:: Task description ::
Output the data in full. Keep every word exact and exclude the pictures.
··· Supplied information ···
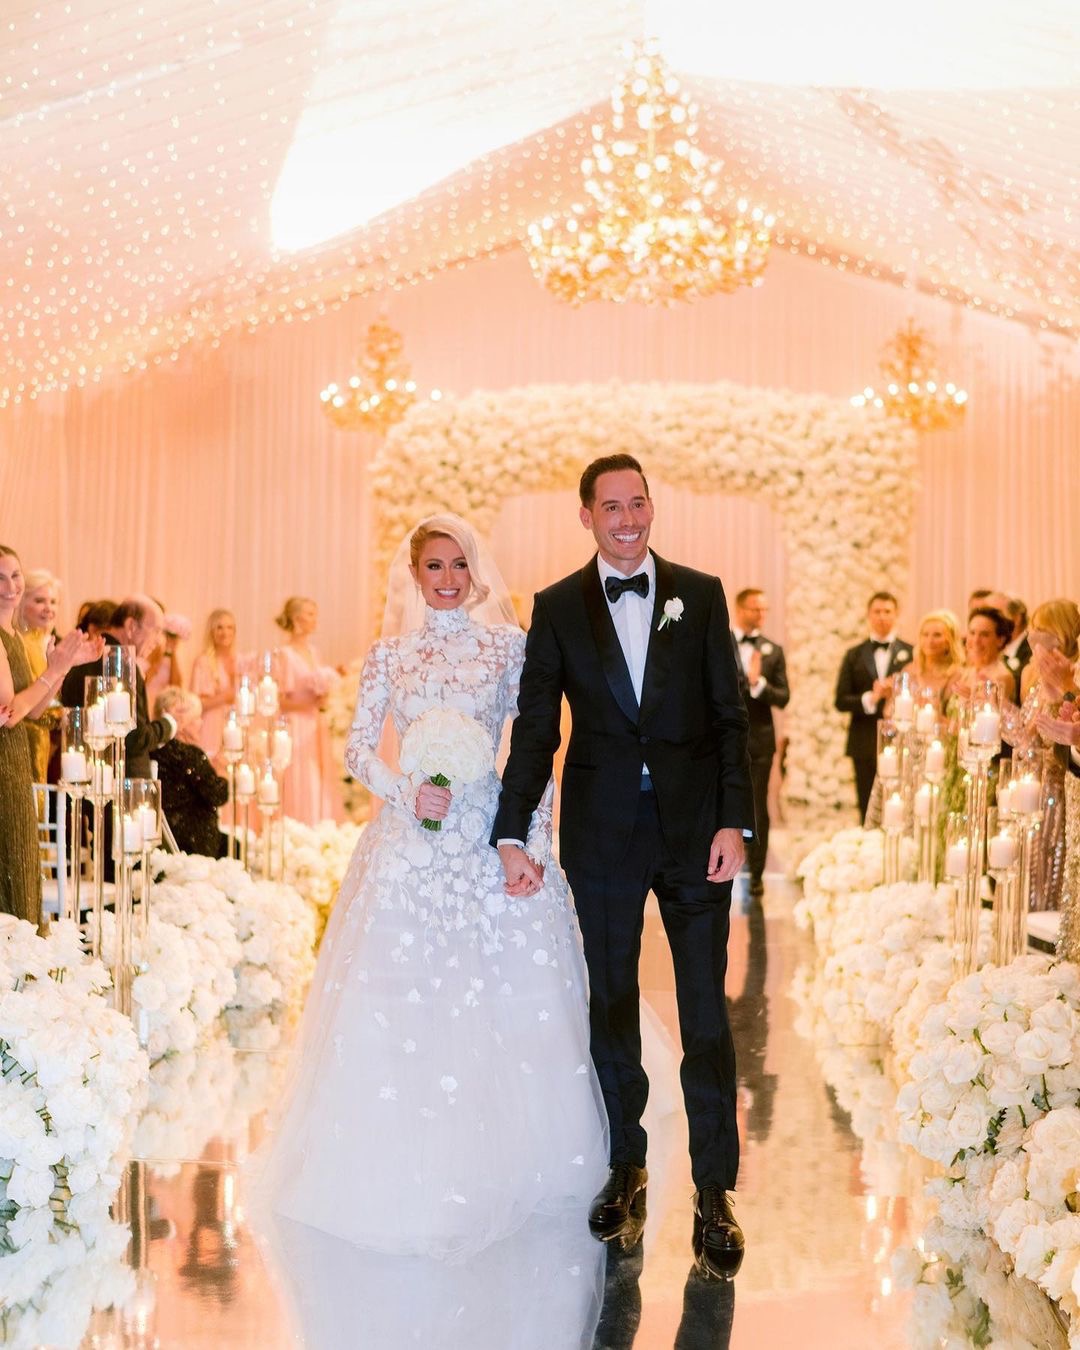 Мільйон білих троянд і марафон весільних суконь: деталі казкового весілля Періс Гілтон ФОТО
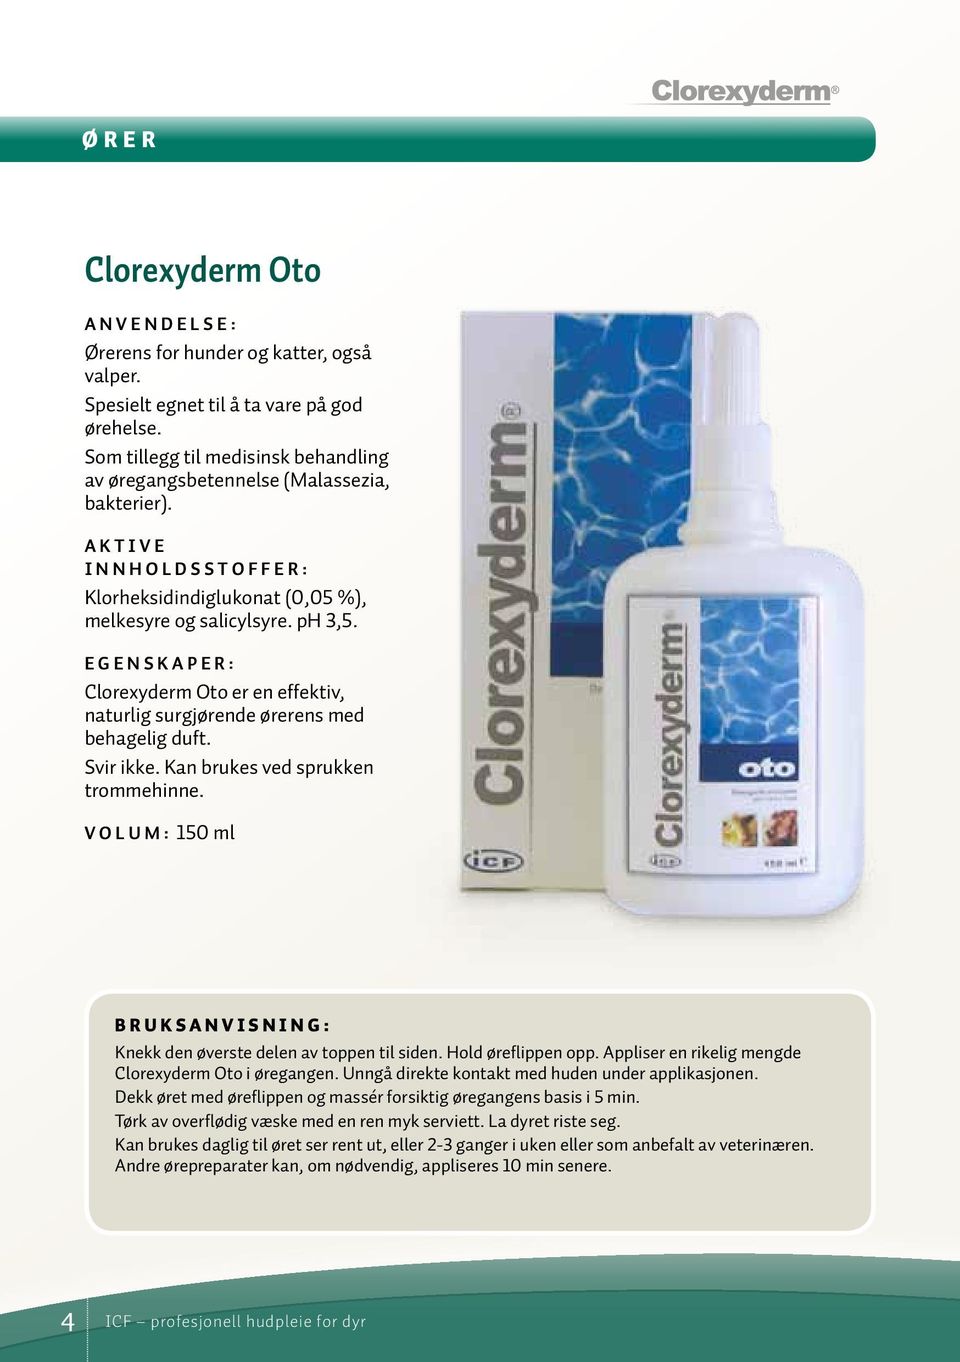 Clorexyderm Oto er en effektiv, naturlig surgjørende ørerens med behagelig duft. Svir ikke. Kan brukes ved sprukken trommehinne.
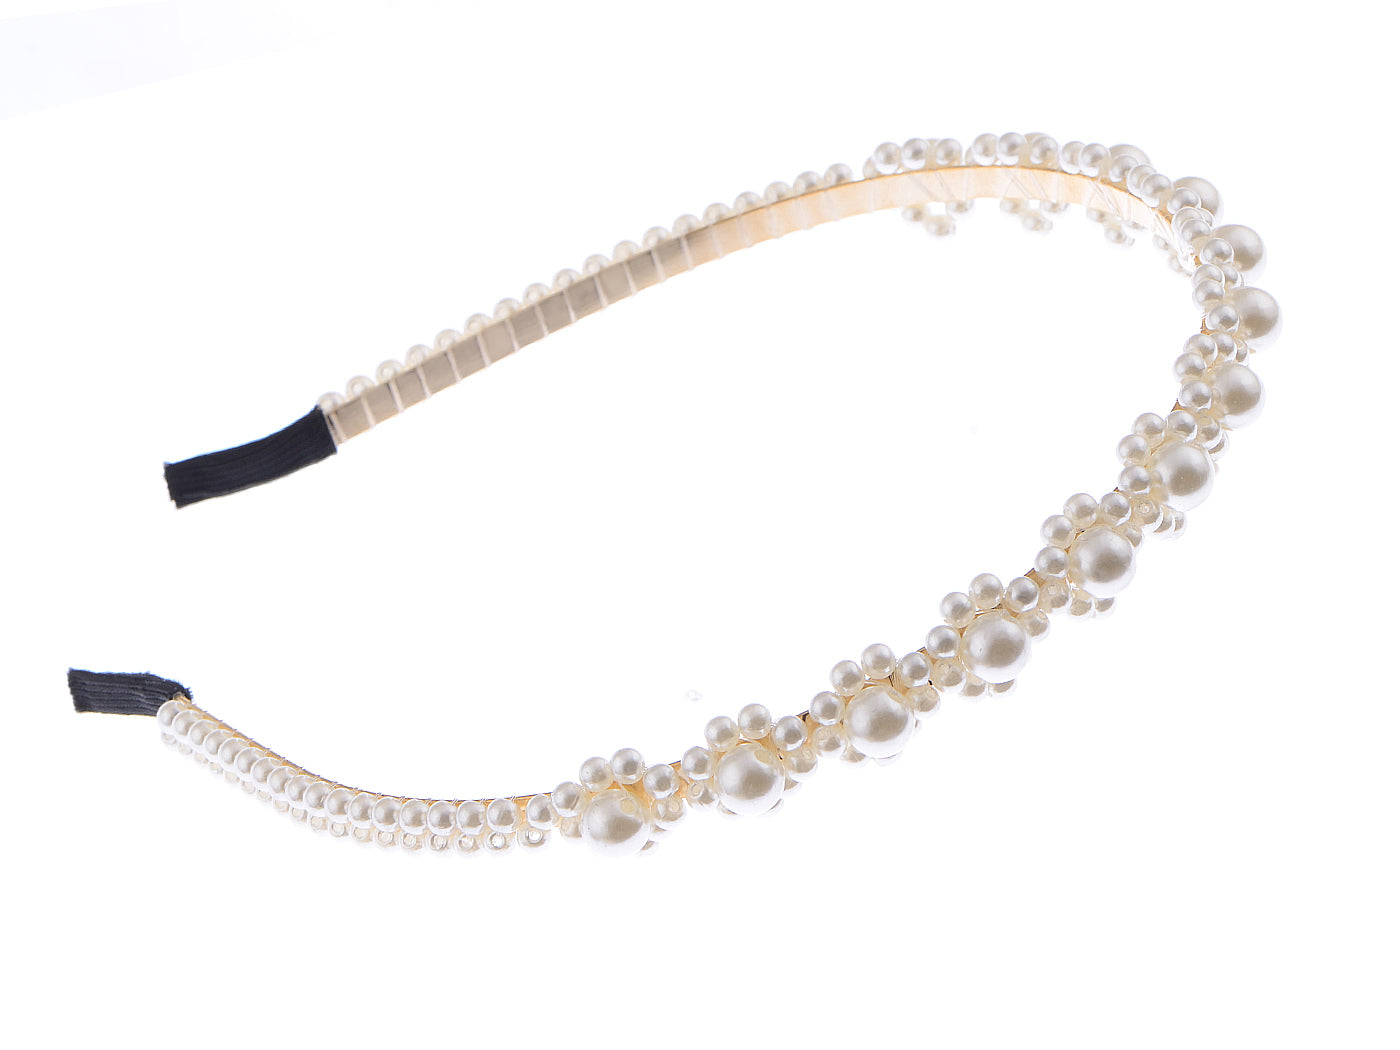 Pearls Bling Flower Headband For Women Gift
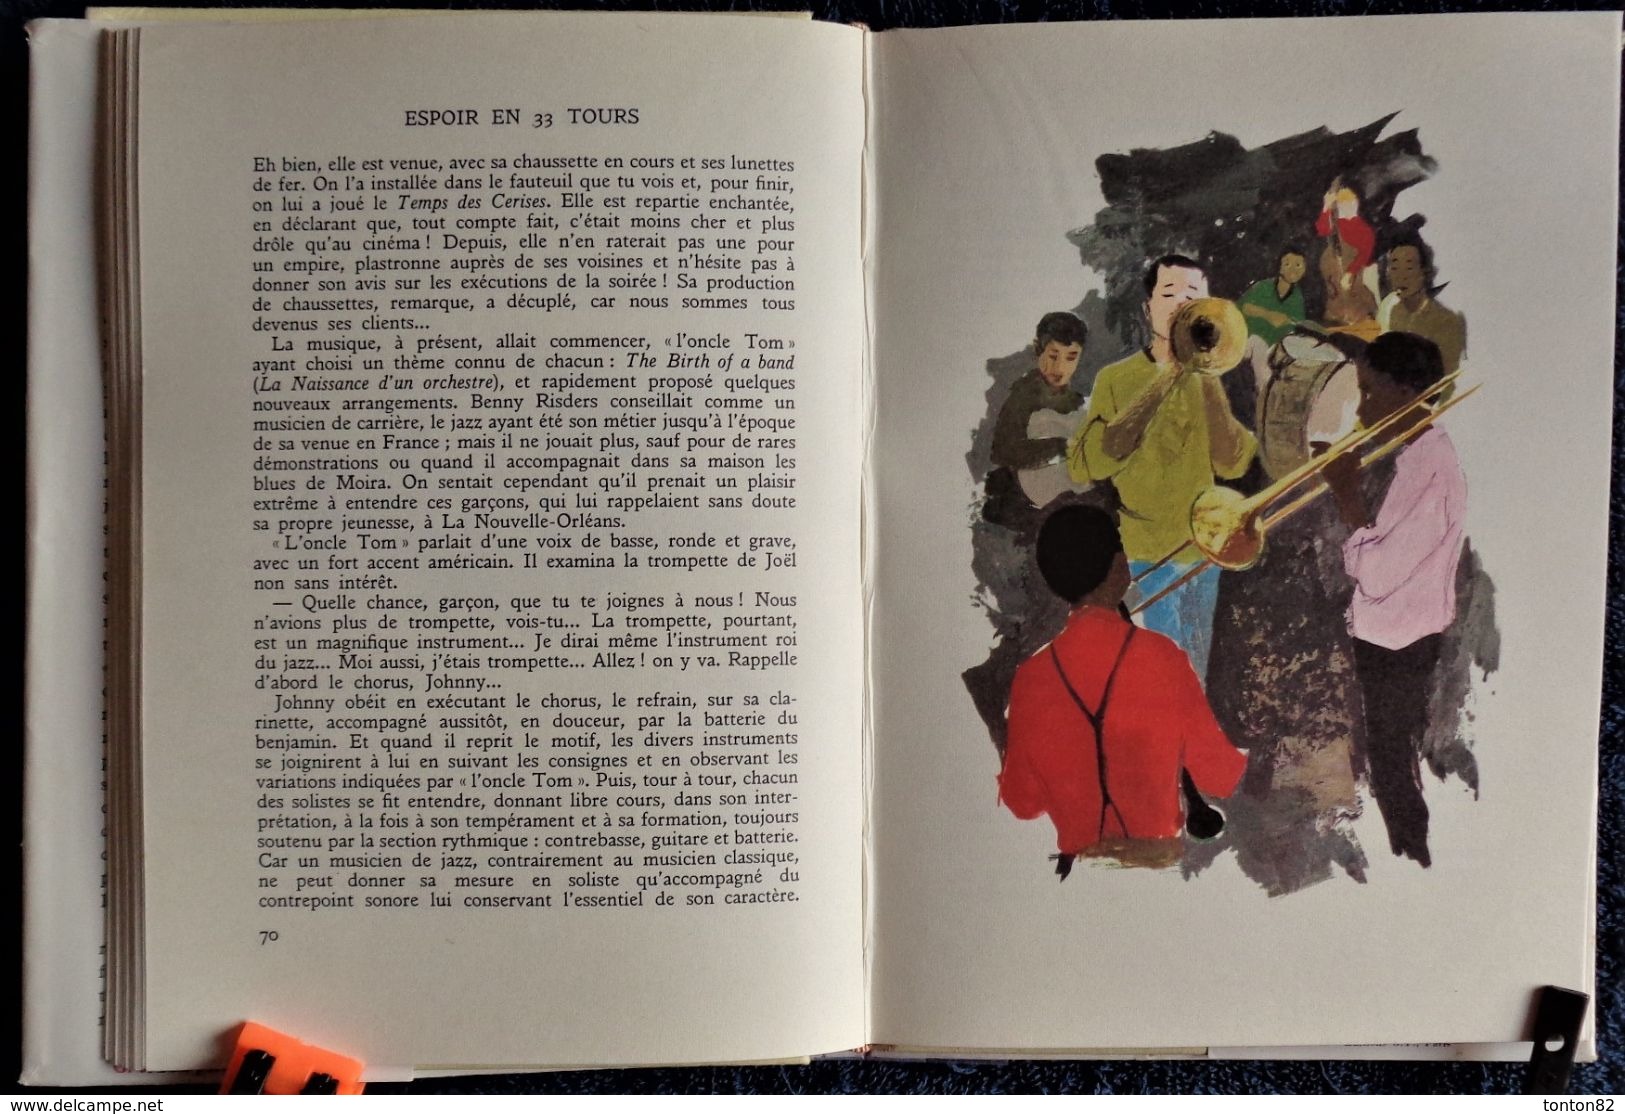 Saint-Marcoux - Espoir en 33 tours - Bibliothèque Rouge et Or n° 607 - ( 1961 ) .
···
:: Answer box ::
 Мільйон білих троянд і марафон весільних суконь: деталі казкового весілля Періс Гілтон ФОТО
 Clorexyderm Oto er en effektiv, naturlig surgjørende ørerens med behagelig duft. Svir ikke. Kan brukes ved sprukken trommehinne.
 Pearls Bling Flower Headband For Women Gift
 Saint-Marcoux - Espoir en 33 tours - Bibliothèque Rouge et Or n° 607 - ( 1961 ) .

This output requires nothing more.